A differential equation is a mathematical equation that relates some function with its derivatives. In practice, these types of equations are powerful tools for describing relationships where a rate of change or a particular dynamic is observed. In your homework problem, the differential equation given is \frac{d y}{d x}=3 \text{sin} x\. This represents the rate of change of a function, \( y \), with respect to another function, \( x \), which is a common type of first-order differential equation. Solving a differential equation involves finding the function \( y \) that satisfies the given relationship for its derivative.

In the context of an initial value problem, you're given an extra piece of information: the value of \( y \) when \( x \) equals a specific number. In your example, the problem provides the initial condition \( y=2 \) when \( x=0 \), which allows you to solve the differential equation uniquely.

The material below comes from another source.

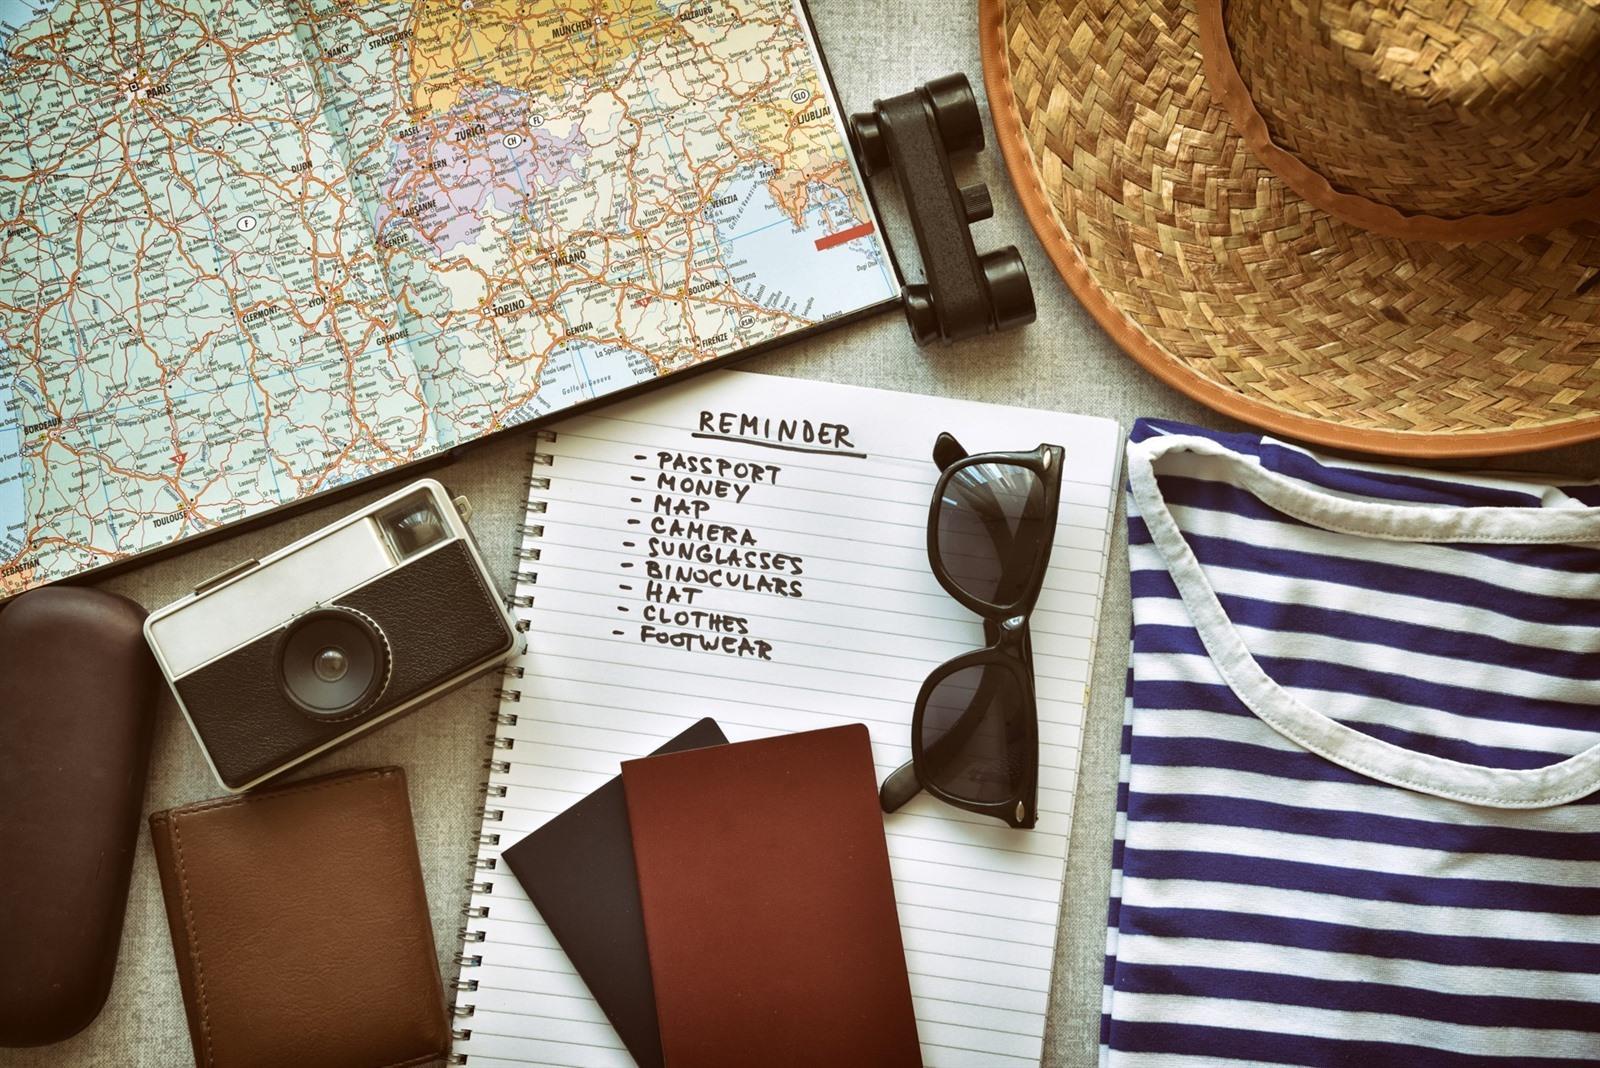 vakantie: Download deze complete reis checklist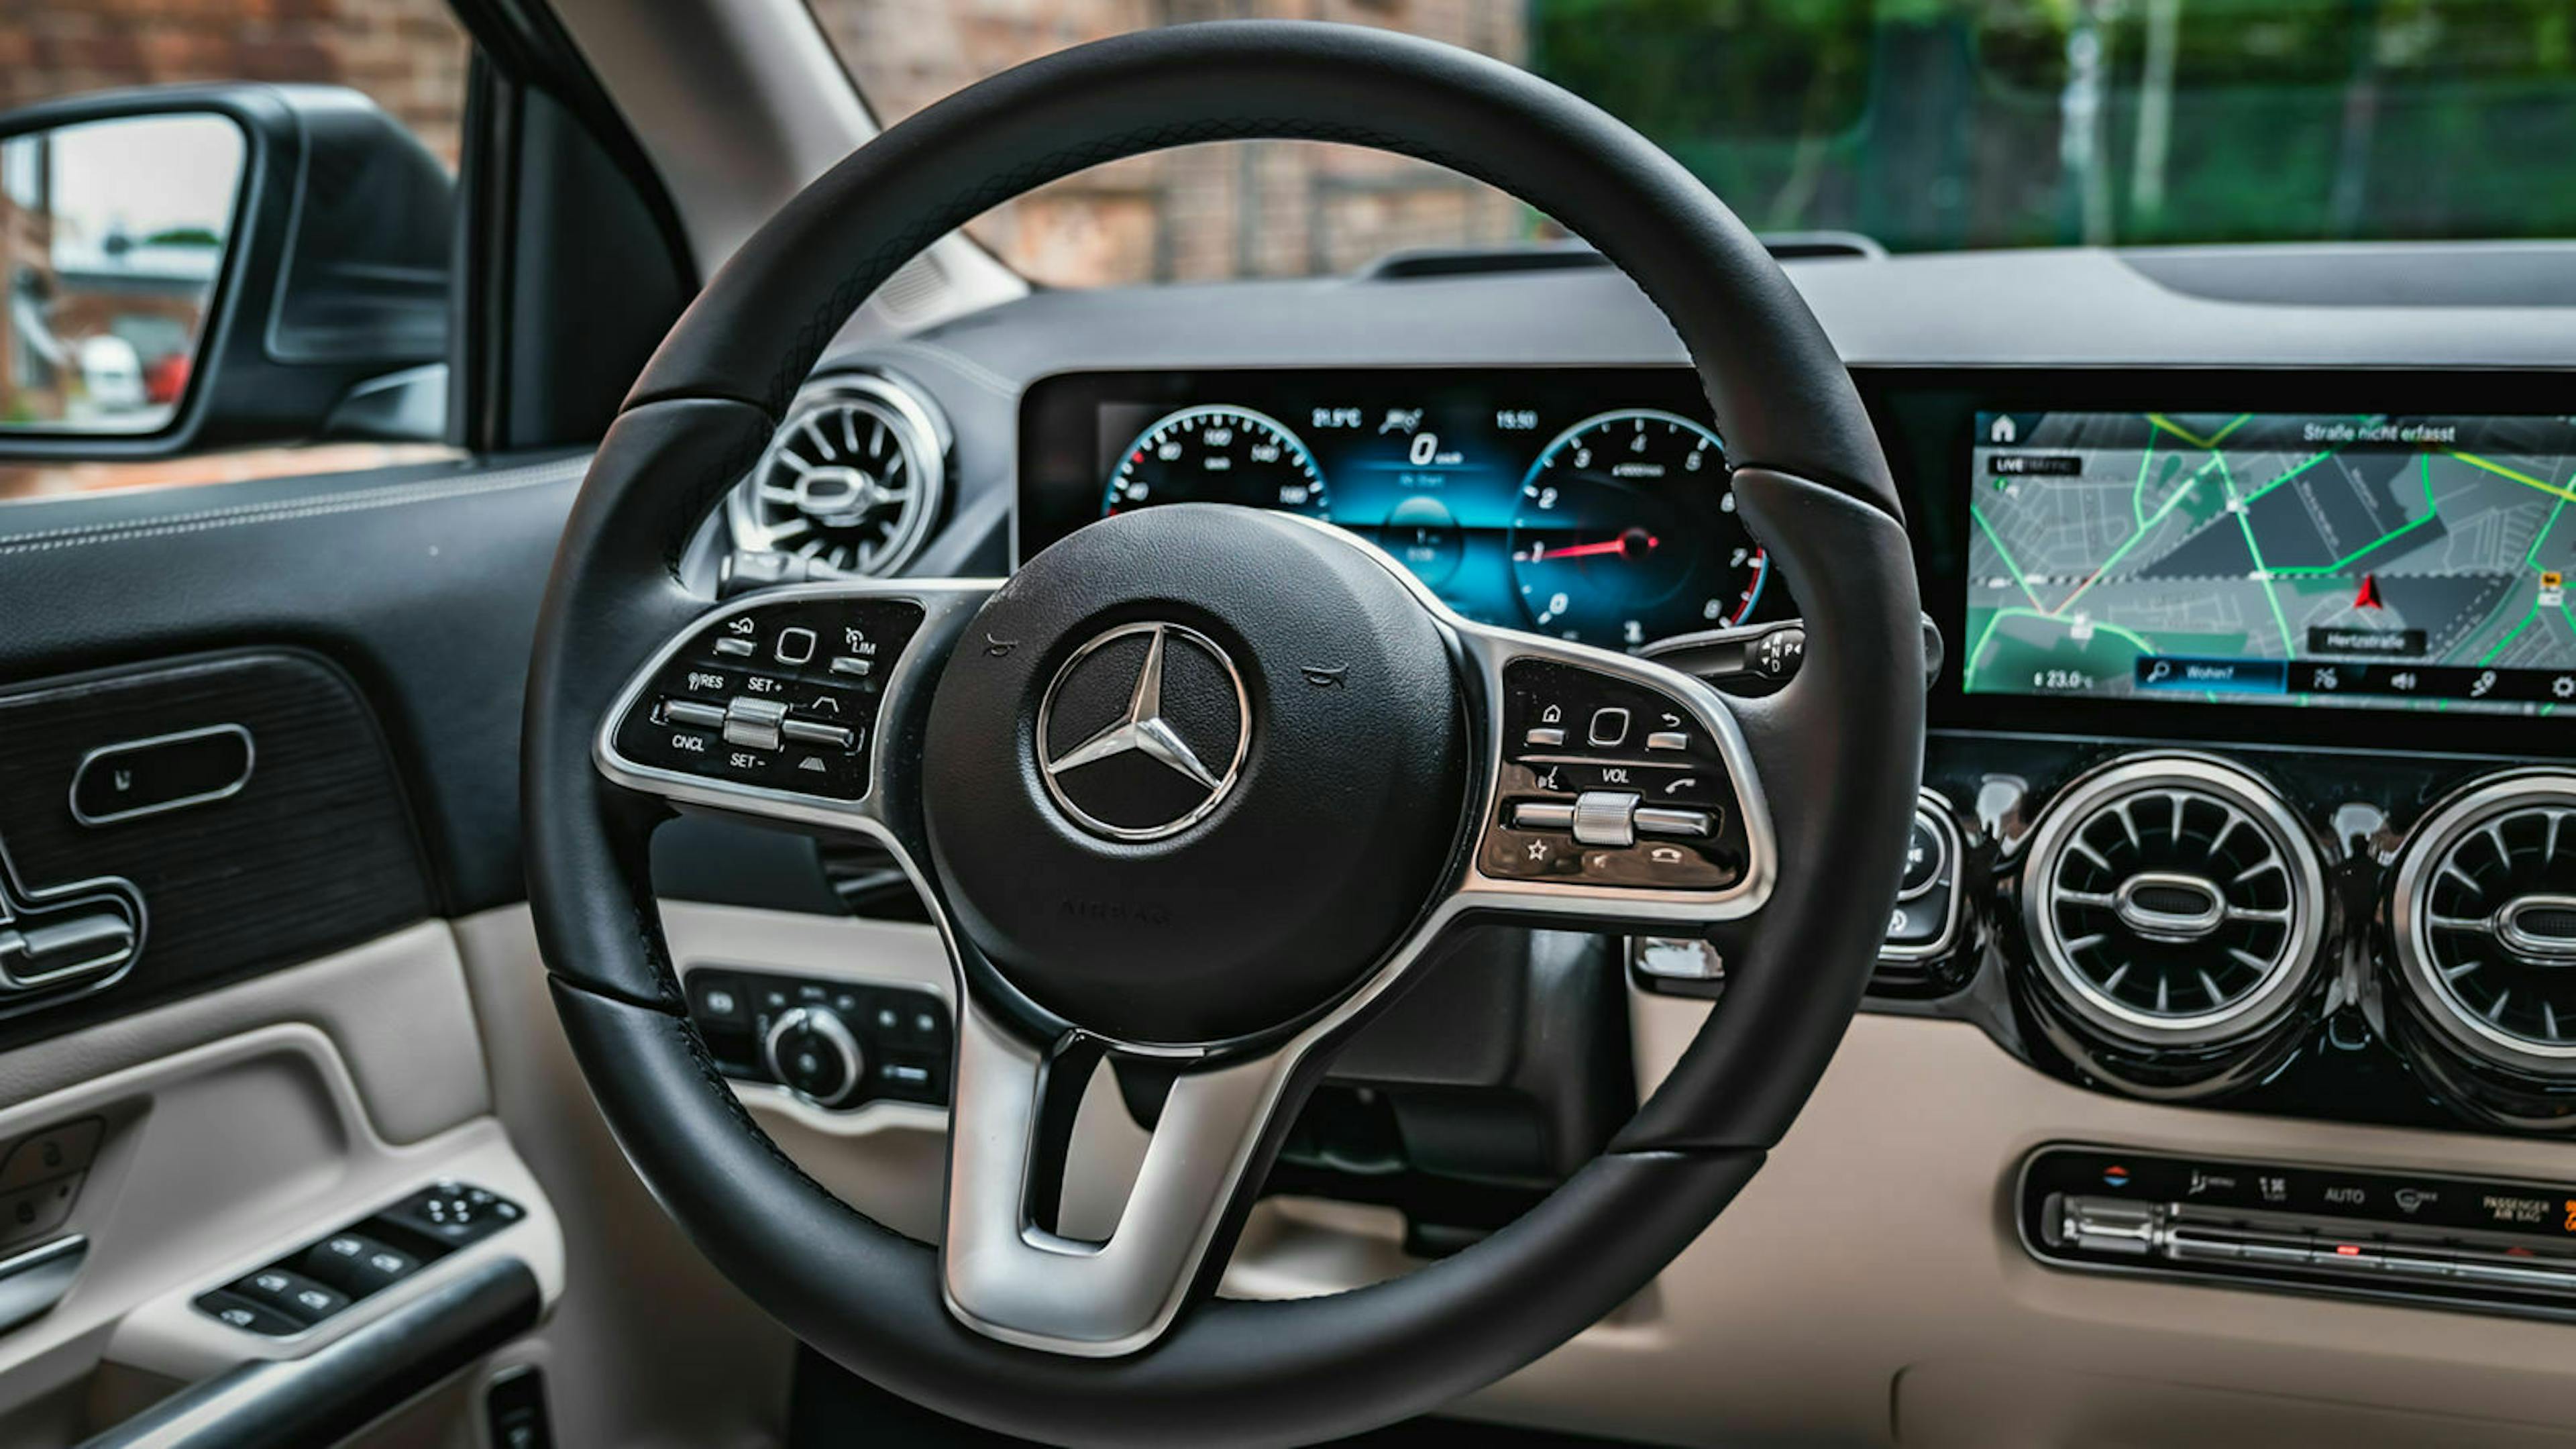 Zu sehen ist das Cockpit des Mercedes GLA 200

Integration is the process of finding the integral of a function, which essentially represents the accumulation of quantities, such as areas under curves. When you integrate the differential equation, you transition from the rate of change (the derivative) to the quantity itself (the function). Integrating the given function \( 3 \text{sin} x \), you find the related function whose derivative would generate \( 3 \text{sin} x \).The integral of \( 3 \text{sin} x \) is \( -3 \text{cos} x + C \), where \( C \) represents the constant of integration. Integration is crucial in solving differential equations, as it lets you move from knowing how a function is changing, to understanding the function's overall behavior.

The constant of integration, denoted as \( C \), emerges every time you integrate an indefinite integral. Since the process of differentiation of a constant is zero, when you integrate, there are infinitely many solutions that differ by a constant. This is why it's called an 'indefinite' integral. To identify the correct constant of integration in an initial value problem, you use the provided initial conditions.In the solution to your exercise, the initial condition was used: \( y = 2 \) when \( x = 0 \). By substituting these values into the integrated function, you solve for \( C \) and find that it equals 5. Therefore, your final solution includes this constant: \( y = -3 \text{cos} x + 5 \), making it a definite, or specific, solution to the original differential equation.